Date:
Patient: [Patient Name], [MRN]
Attending Physician: [Physician Name]
Reason for Visit: Evaluation of suspected or established chemotherapy-induced peripheral neuropathy (CIPN), follow-up for CIPN management.
SOAP
Subjective (S):
History of Present Illness:
Inquire about the following:
Onset, duration, and progression of symptoms (numbness, tingling, burning pain)
Location and distribution of symptoms (often affects distal extremities – hands and feet – but can be more widespread)
Severity of symptoms and impact on daily activities (sensory disturbances, weakness, gait difficulties)
Recent chemotherapy regimen and cumulative dose of neurotoxic agents
Exacerbating or relieving factors (e.g., cold exposure worsens symptoms)
Past Medical History:
Briefly summarize relevant past medical history, including:
Underlying malignancy and current treatment plan
Pre-existing neurological conditions that might contribute to neuropathy (e.g., diabetes, vitamin deficiencies)
History of CIPN with prior chemotherapy
Objective (O):
Vital Signs:
Record temperature, heart rate, blood pressure, and respiratory rate.
Neurological Exam:
Assess for:
Sensory function (light touch, pain, vibration) in the extremities, comparing bilateral sides
Muscle strength and coordination
Presence of reflexes (ankle and knee)
Gait abnormalities (balance, coordination)
Assessment (A):
Diagnosis:
Based on the clinical presentation, history of chemotherapy exposure, and physical exam findings, assess the likelihood of CIPN:
Suspected CIPN
Established CIPN
Severity of CIPN:
Consider using a standardized scale (e.g., National Cancer Institute [NCI] CTCAE scale) to grade the severity of CIPN based on symptoms and functional limitations.
Plan (P):
Management Strategies:
Depending on the severity of CIPN, consider:
Dose modification or discontinuation of the offending chemotherapeutic agent: Discuss with the oncologist if feasible.

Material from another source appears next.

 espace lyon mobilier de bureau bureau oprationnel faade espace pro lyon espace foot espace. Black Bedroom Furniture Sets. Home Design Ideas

Pain management: Medications like gabapentin, pregabalin, or duloxetine can help manage neuropathic pain.
Supportive measures:
Physical therapy to improve strength, coordination, and balance.
Occupational therapy to help with daily activities.
Nutritional counseling to optimize vitamin intake (vitamin B12 deficiency can worsen neuropathy).
Nerve stimulation techniques (e.g., transcutaneous electrical nerve stimulation – TENS) for pain relief (consideration in consultation with a pain specialist).
Monitoring:
Schedule regular follow-up visits to monitor symptom progression, response to treatment, and potential complications (e.g., falls due to gait instability).
Patient Education:
Educate the patient about CIPN, risk factors, and potential long-term effects.
Provide information on managing symptoms at home, including pain management strategies and self-care measures (e.g., foot care, avoiding triggers like cold exposure).
Encourage communication with the healthcare team for any worsening of symptoms or concerns.
Additional Notes:
Document any other relevant information, such as:
Communication with consulting physicians (e.g., oncologist, neurologist, pain specialist)
Consideration of genetic testing for susceptibility to CIPN (may be helpful in future treatment decisions)
Importance of using appropriate footwear to protect the feet and prevent injuries
Prognosis discussion based on the type and severity of CIPN, potential for improvement after chemotherapy completion.